With the rise of Artificial Intelligence/Machine and Deep learning/Blockchain wave, some domains have gathered much prominence than they had it before. These domains include .ai,.ml,.io. One line introduction to these domains:

ai: Administered by Anguilla
ml: Administered by Mali
io: Administered by British Indian Ocean Territory

While ai and ml have gathered recent prominence because of their phonetic similarity to abbreviated Artificial Intelligence (AI) and Machine Learning (ML), IO domain has its own set of occupied technologies. So much of the attention that the .ai domain has garnered that most of the major tech companies (Facebook, Google, Amazon, Microsoft, etc.,) have their brands established on .ai domain

This article unleashed some of the insights into these domains.

Idea:
Following is the outline of the idea which helped to do analysis:
Get the list of websites that are hosted on all the 3 domains
For each website, get a few properties which will be useful for the categorizing

Implementation:

While any language is equally good to implement, I have used Python to simplify the automation and parallelisation (using threads) of the tasks.

1. Getting the list of valid websites:
To get the list of valid names, I had to scrap the search results of most of the major search engines (Google/Bing/Baidu/Yahoo/Ask). To make things quick and simple, I have obtained 1000+ website names per domain to scrape.

2. Gathering different properties of websites:
For each website, I had to retrieve the content, read properties of websites to get the required analyses. Furthermore, I had to get Alexa information as well to retrieve more insights.

Results and Analysis:

“A picture is worth a thousand words” complemented by “The drawing shows me at a glance what would be spread over ten pages in a book” by Ivan Turgenev, Father and Sons (1862).

Keeping in the above quote in mind, I have presented most of the analysis in graphs and pictures, rather than words. In case, you are still interested in the words, please scroll down to the Conclusion section

Analysis 1: Website hosted

Location of the hosting servers have been obtained from Alexa. I have consolidated the numbers (number of servers that hosted per country) of all the domains. Each bubble shows the number of servers that are hosted in a country. For example, USA (438) means that 438 websites are hosted in the servers that are located in the USA.

Analysis 2: Rank Analysis

We have 2 good ways of getting rank (popularity) of a website:

a. Google’s Pagerank: Its been some years (around 2013) that Google has stopped updating page rank. Though I couldn’t find the official source to confirm this, I can tell you that the web had flooded with blogs/news. Please refer this unofficial, but a credible source, link for more information.

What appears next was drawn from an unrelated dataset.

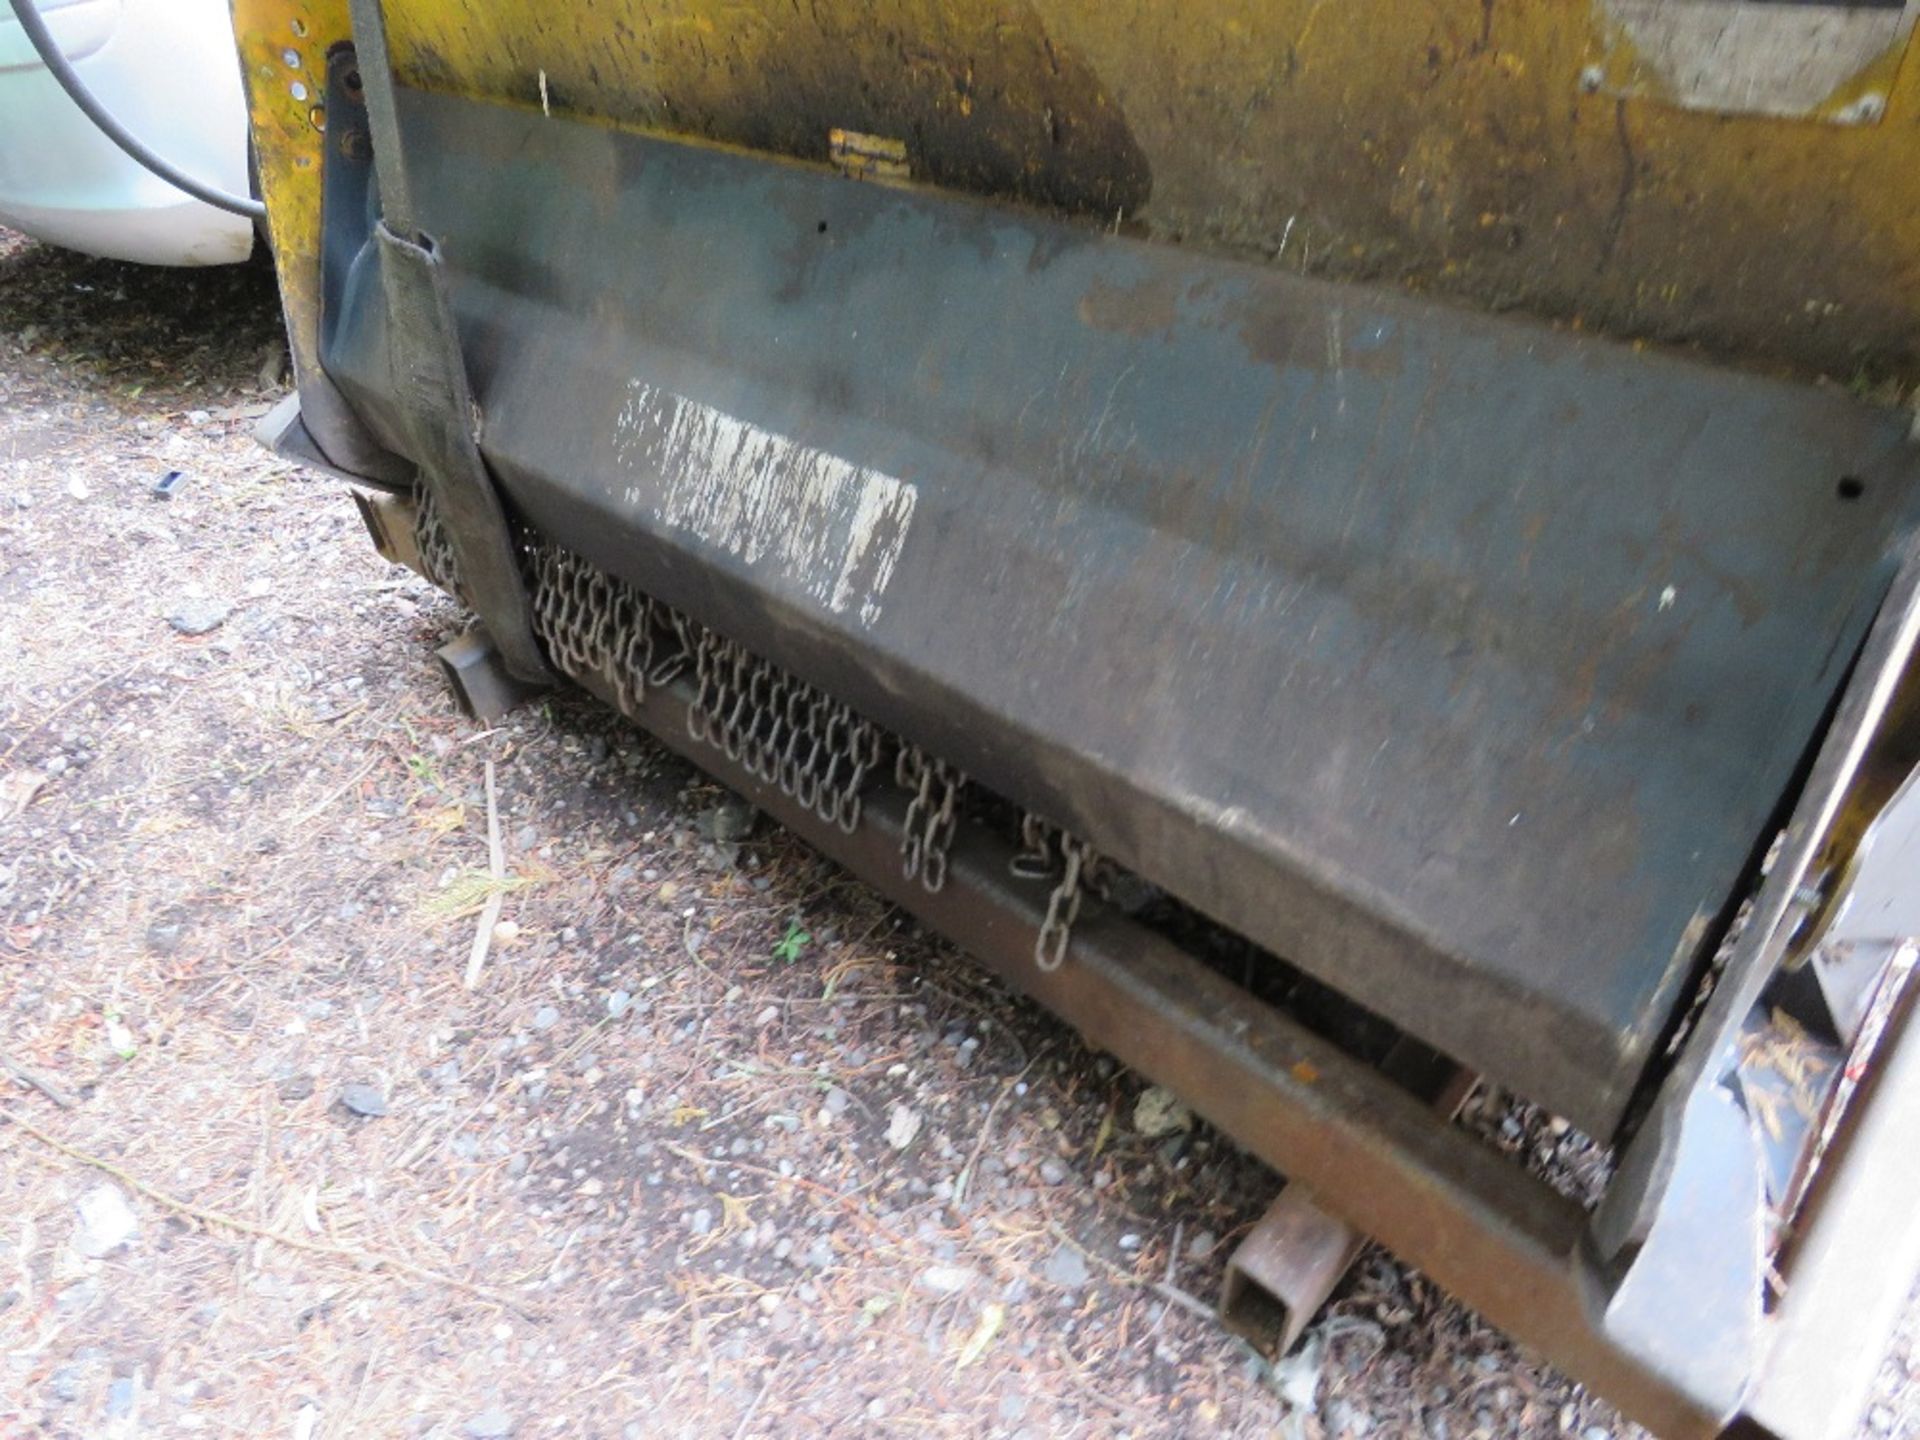 FEMAC EXCAVATOR MOUNTED HEAVY DUTY FLAIL HEAD ON 80MM PINS. UNTESTED, CONDITION UNKNOWN. - Image 6 of 8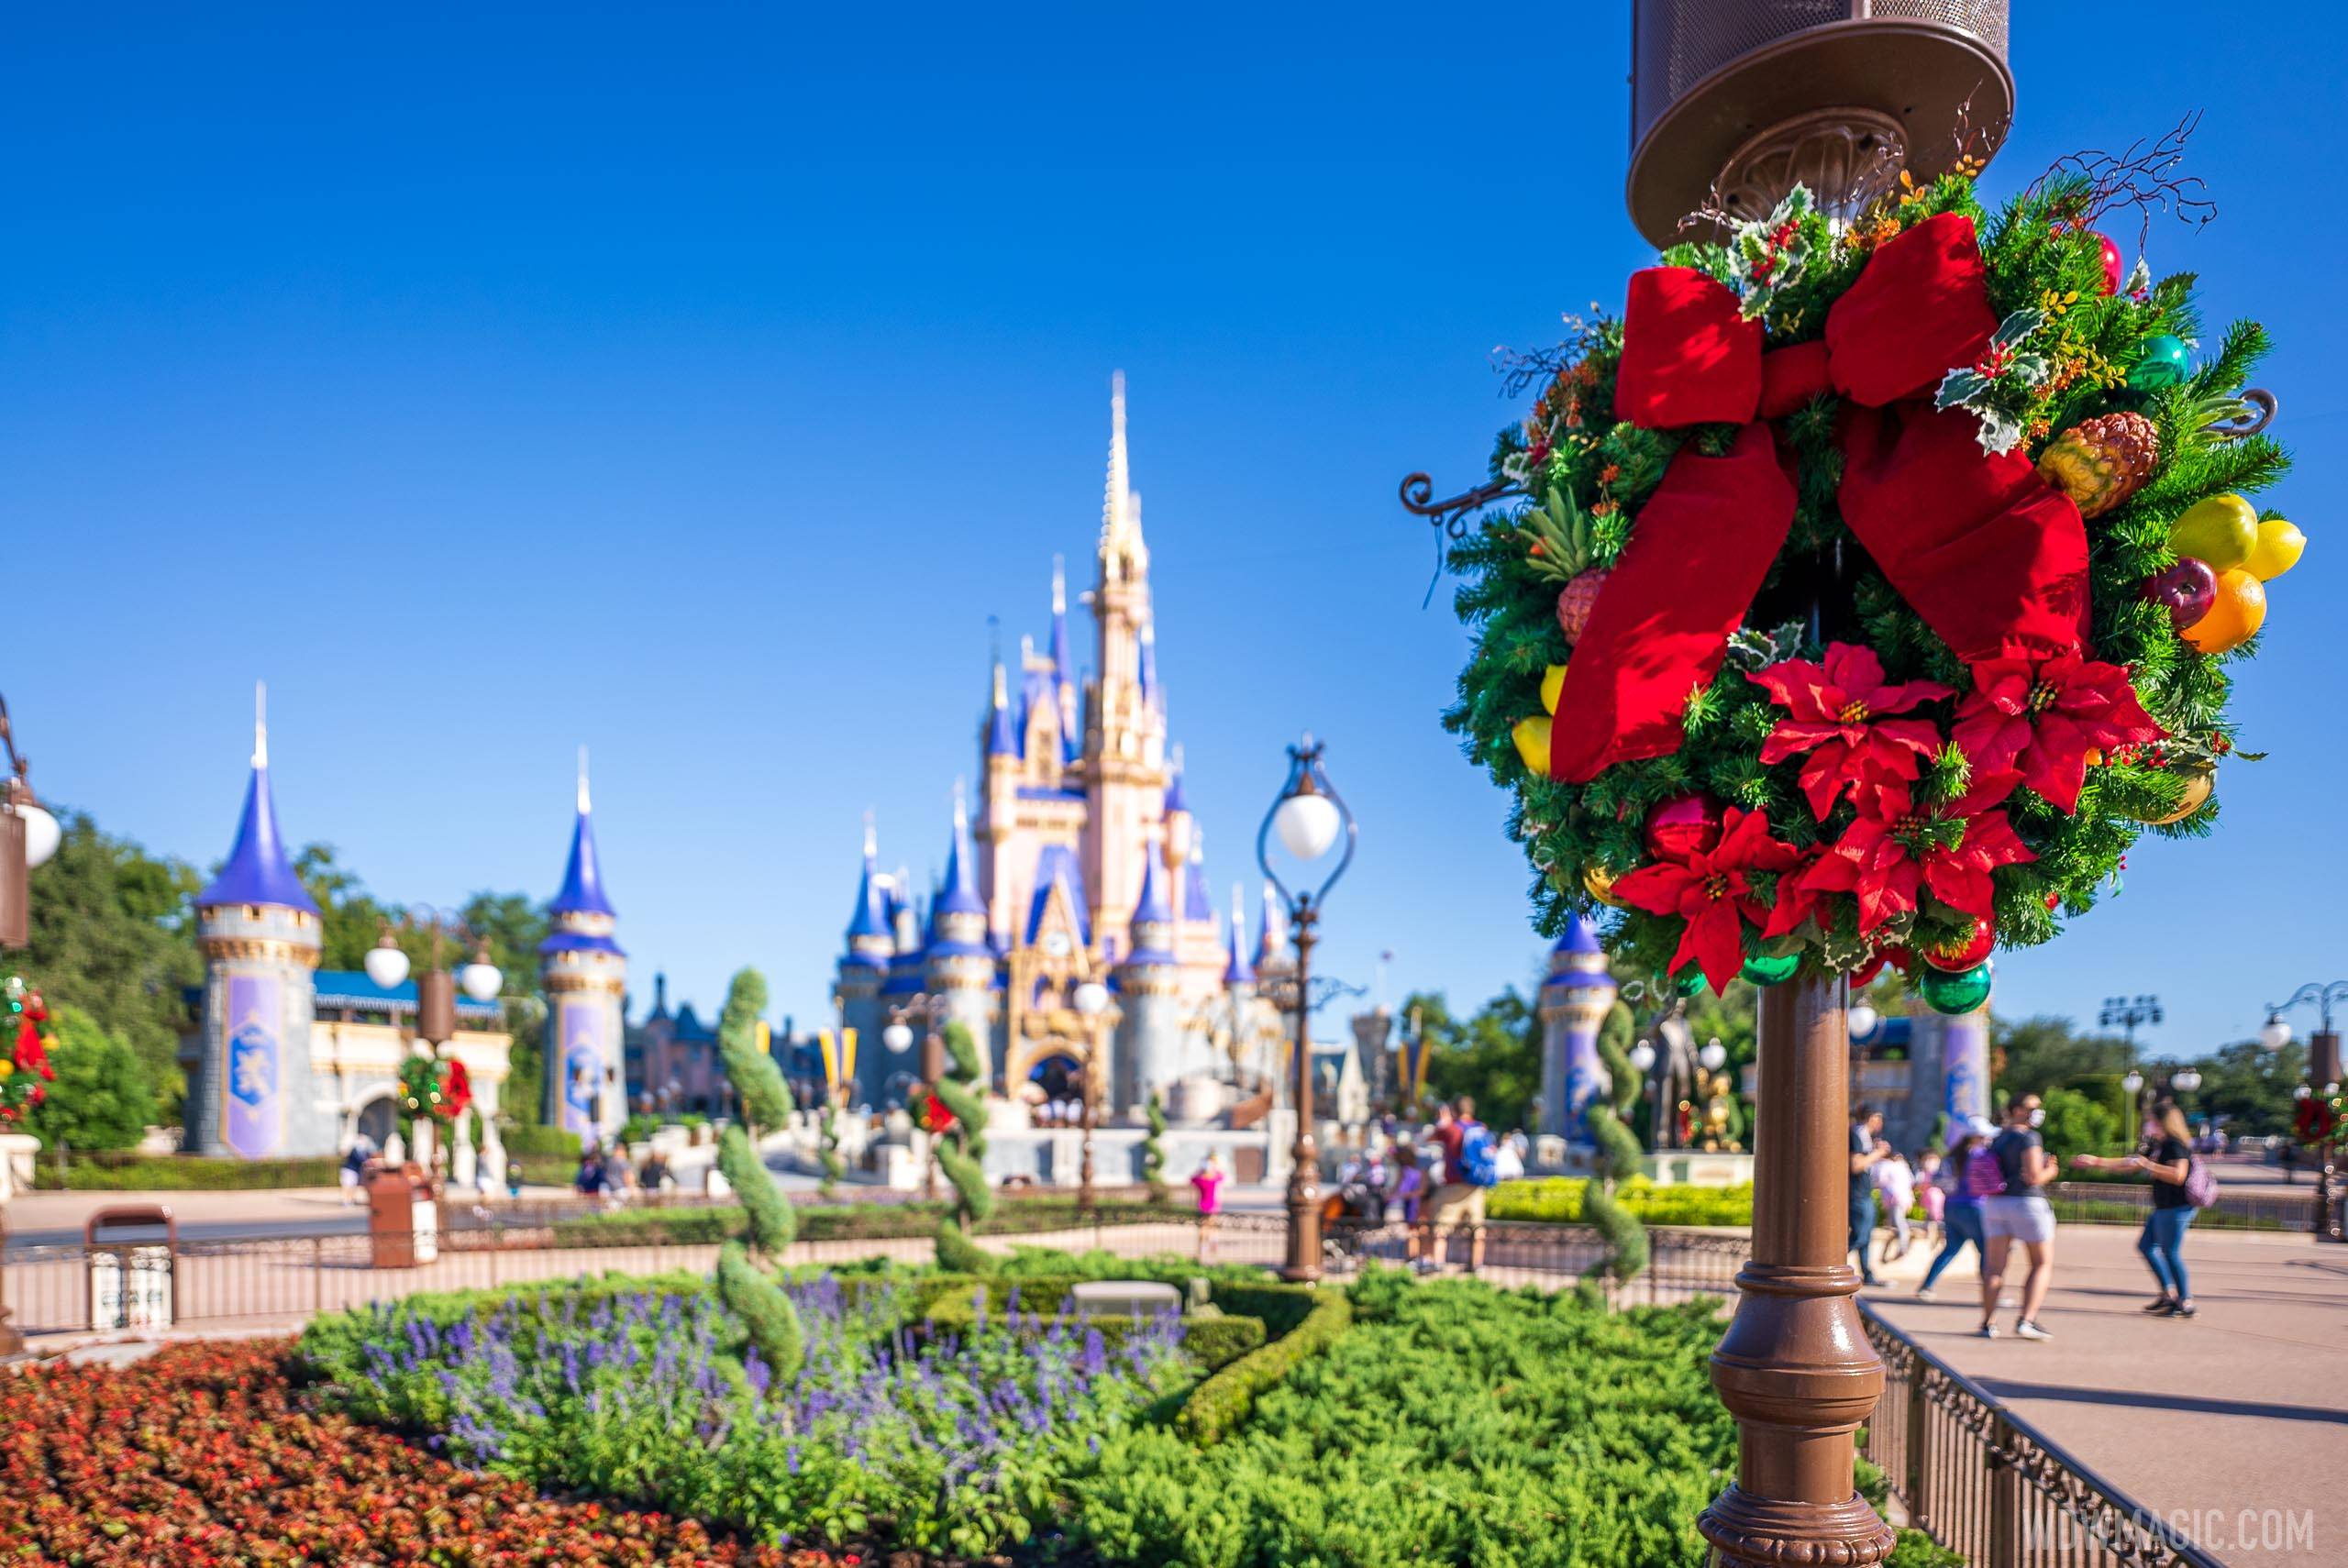 PHOTOS - Magic Kingdom now decorated for the holidays

b. Alexa’s Rank: Alexa, from Amazon, has provided an alternative to Google’s page rank. I had to get the Alexa’s Traffic rank. If you are interested to know how Alexa ranks each website, please do take a look at this. For each website I have obtained Alexa’s rank and scatter plotted to get the below plot:

Do remember rank is lower the better

Fig 2: Alexa Rank comparison among domains

Analysis 3: Key word Analysis

Each website comes with a optional list of key words which describes the content. These key words helps the search engines to easily identify the information present in the site.

WordCloud (or Tag Cloud ) is a best way to give visual representation of the key words. Font size of a word becomes bigger with the frequency in the list. To draw this, I have used Mueller’s WordCloud :

Since key words were very much differed in each domain, I had to generate seperate image for each domain:

Conclusions:
Following points might add some insights to yours after looking at above pictures:

AI domain:
As expected most of the hot technologies like data science, AI, etc., stayed in the AI domain. A quick glance can reveal the hosted websites belongs to AI/Analytics/ Recruiting/ Security.

IO domain:
While the most of the hot technologies/key words appeared in AI domain, blockchain has moved to IO domain.
Interestingly, “blockchain/bitcoin/startup” as the key word also appeared in IO domain frequently in IO domain than in the AI domain.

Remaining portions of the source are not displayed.